**Task details**
Copy nothing before the line that contains "Delicious, nutritious and"; from there, transcribe each line exactly through the end of the material, omitting pictures.

**Given information**

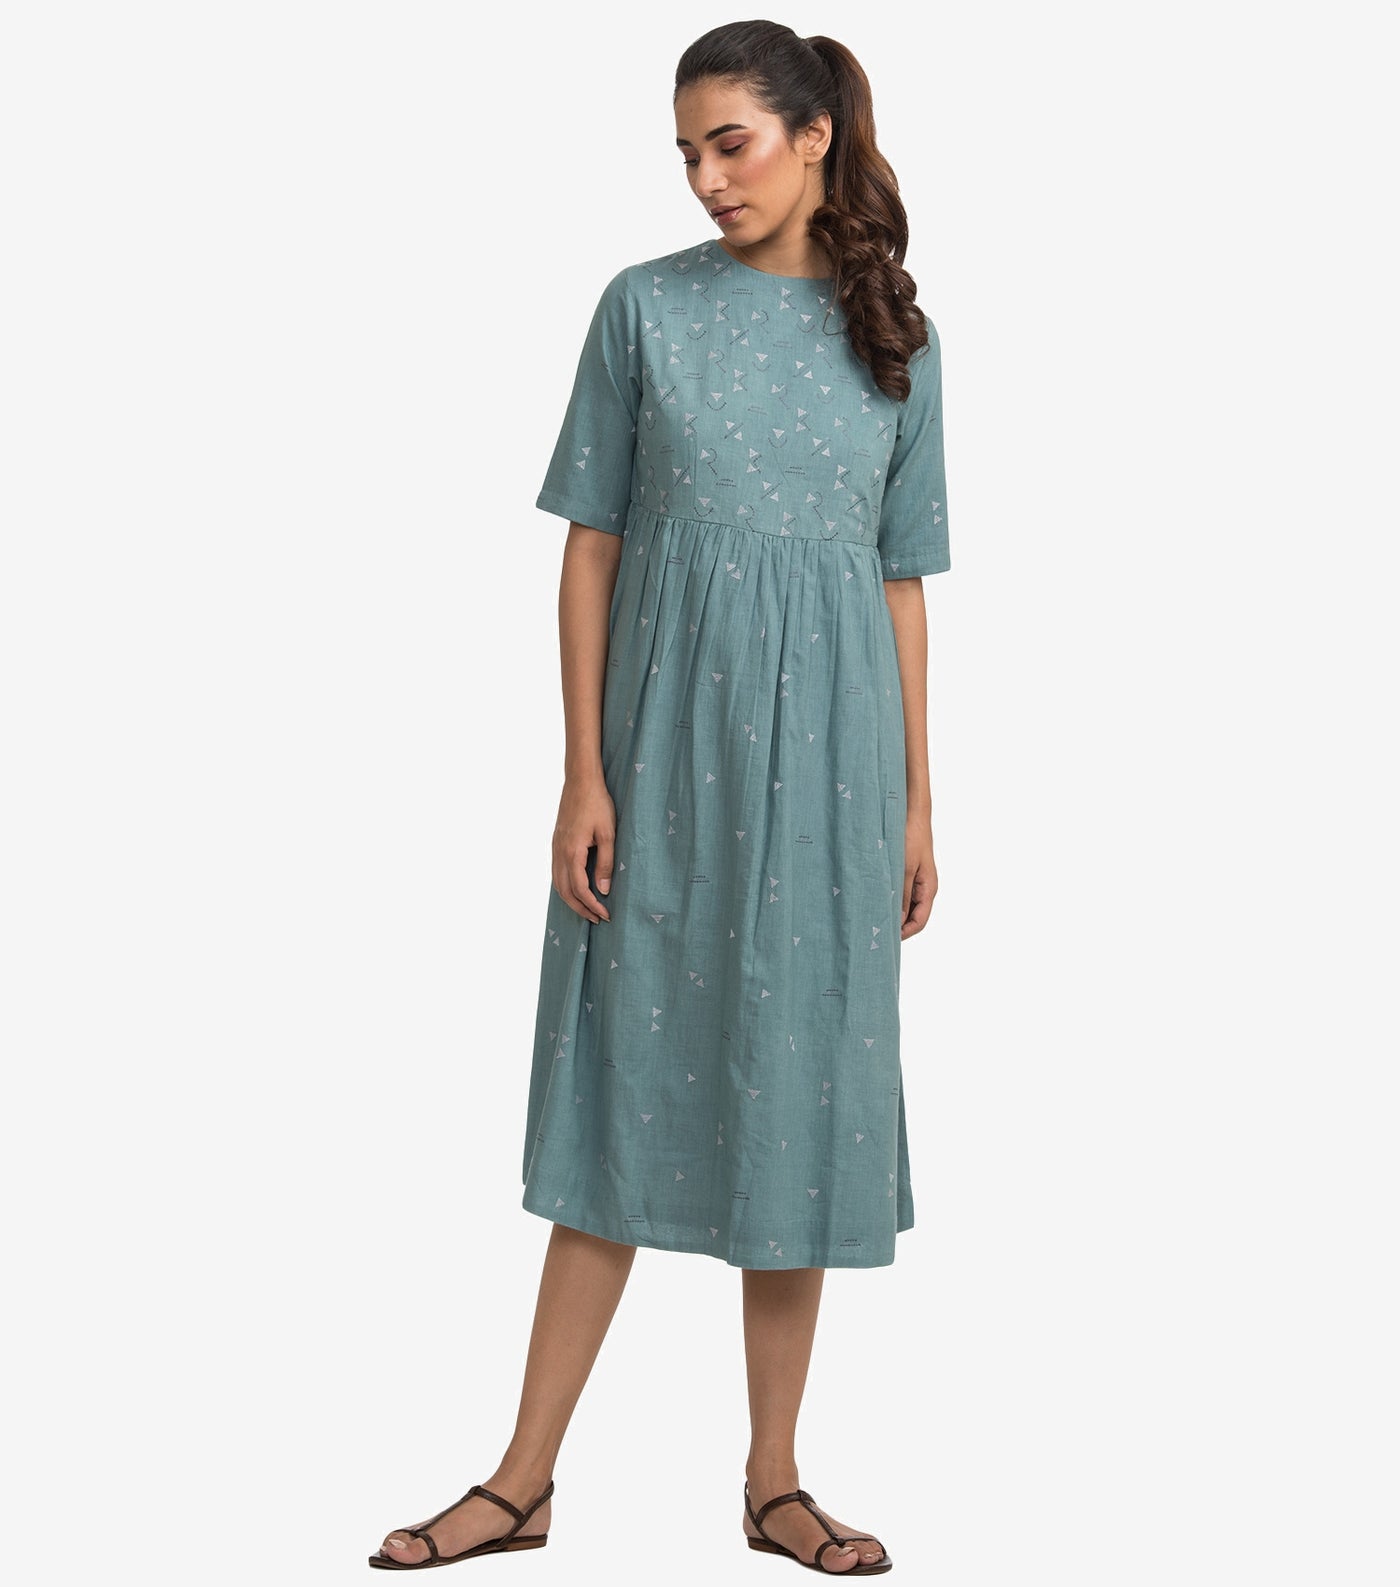 Blue cotton embroidered dress
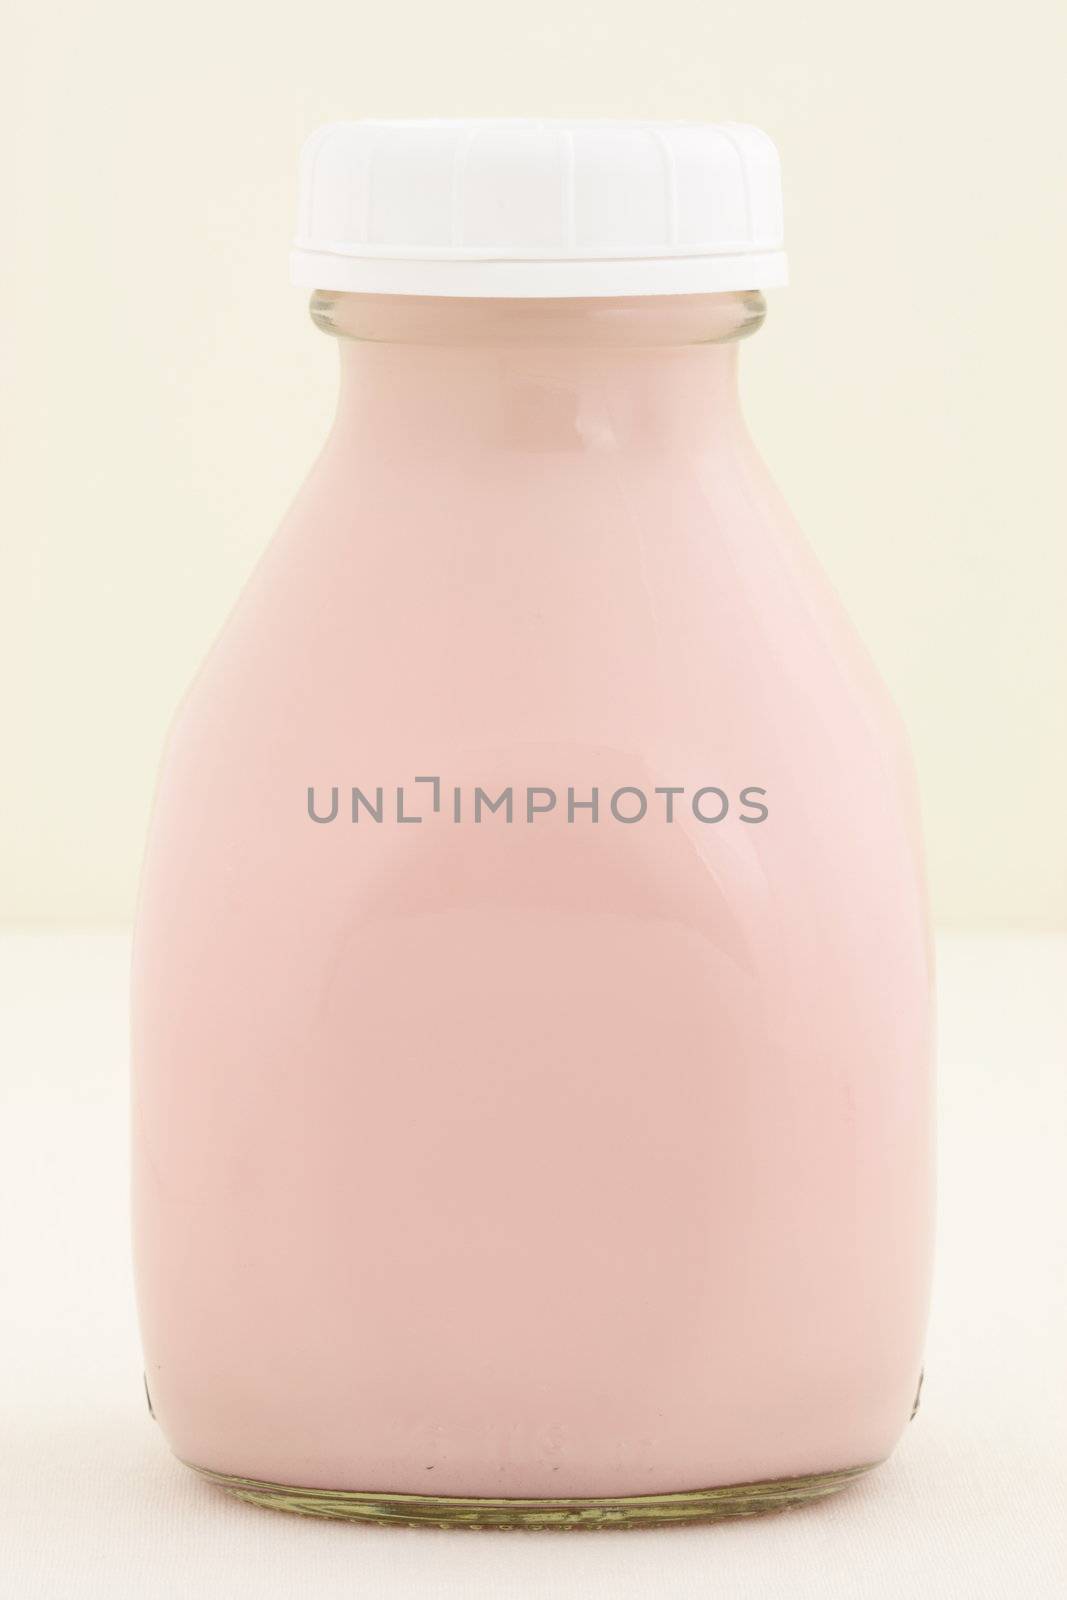 Delicious, nutritious and fresh Strawberry milk pint, made with organic real strawberry fruit 
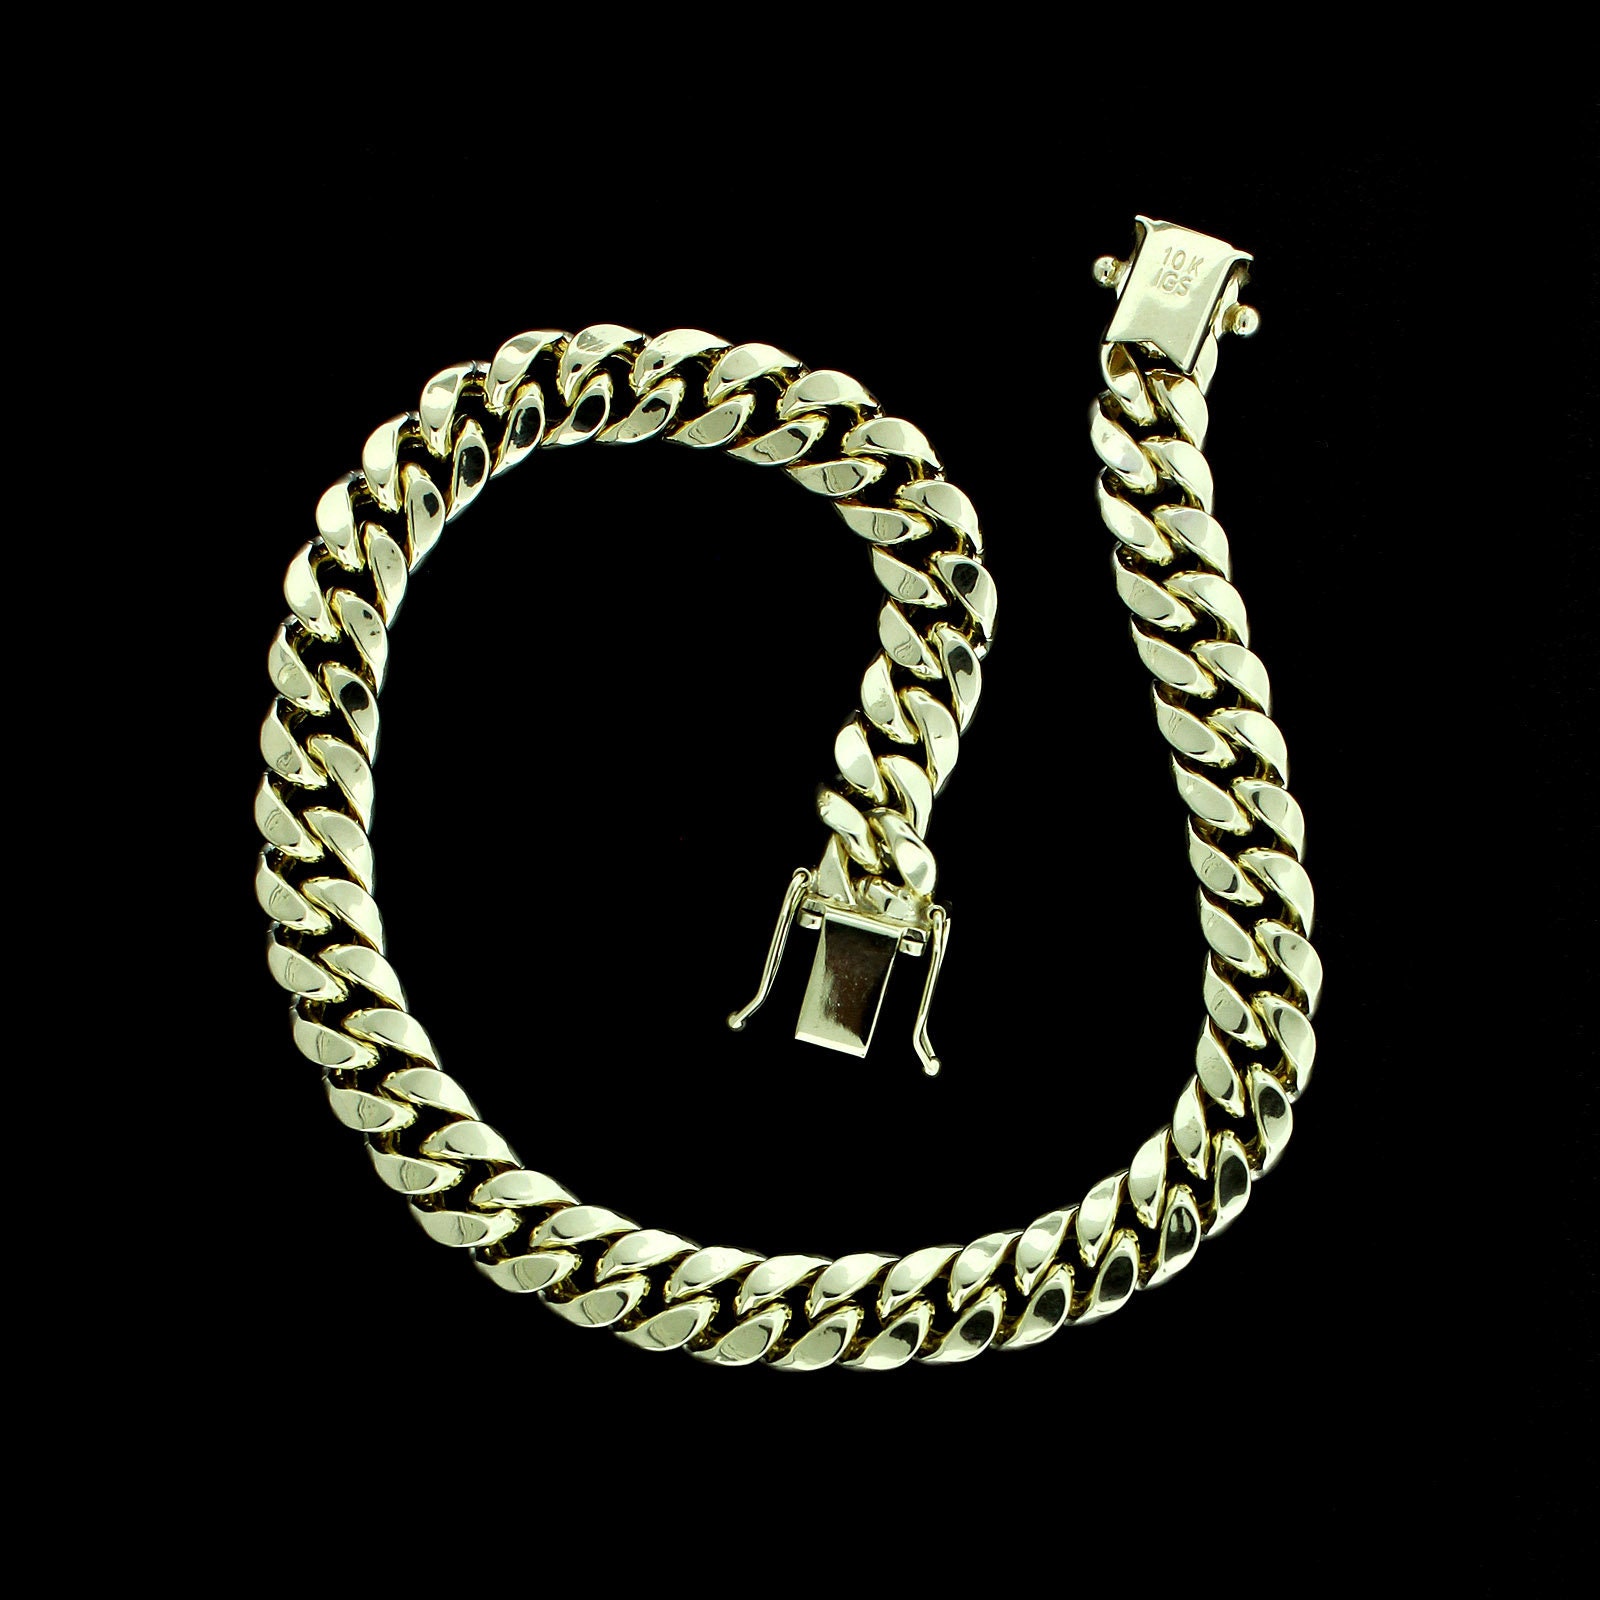 10k HOLLOW SOLID Yellow Gold Miami Cuban Link Chain Necklace 4.5-7mm 18-26  Box Lock - 4.5mm / 18 / 10K

**Exercise output**
 Delicious, nutritious and fresh Strawberry milk pint, made with organic real strawberry fruit 
 10k HOLLOW SOLID Yellow Gold Miami Cuban Link Chain Necklace 4.5-7mm 18-26  Box Lock - 4.5mm / 18 / 10K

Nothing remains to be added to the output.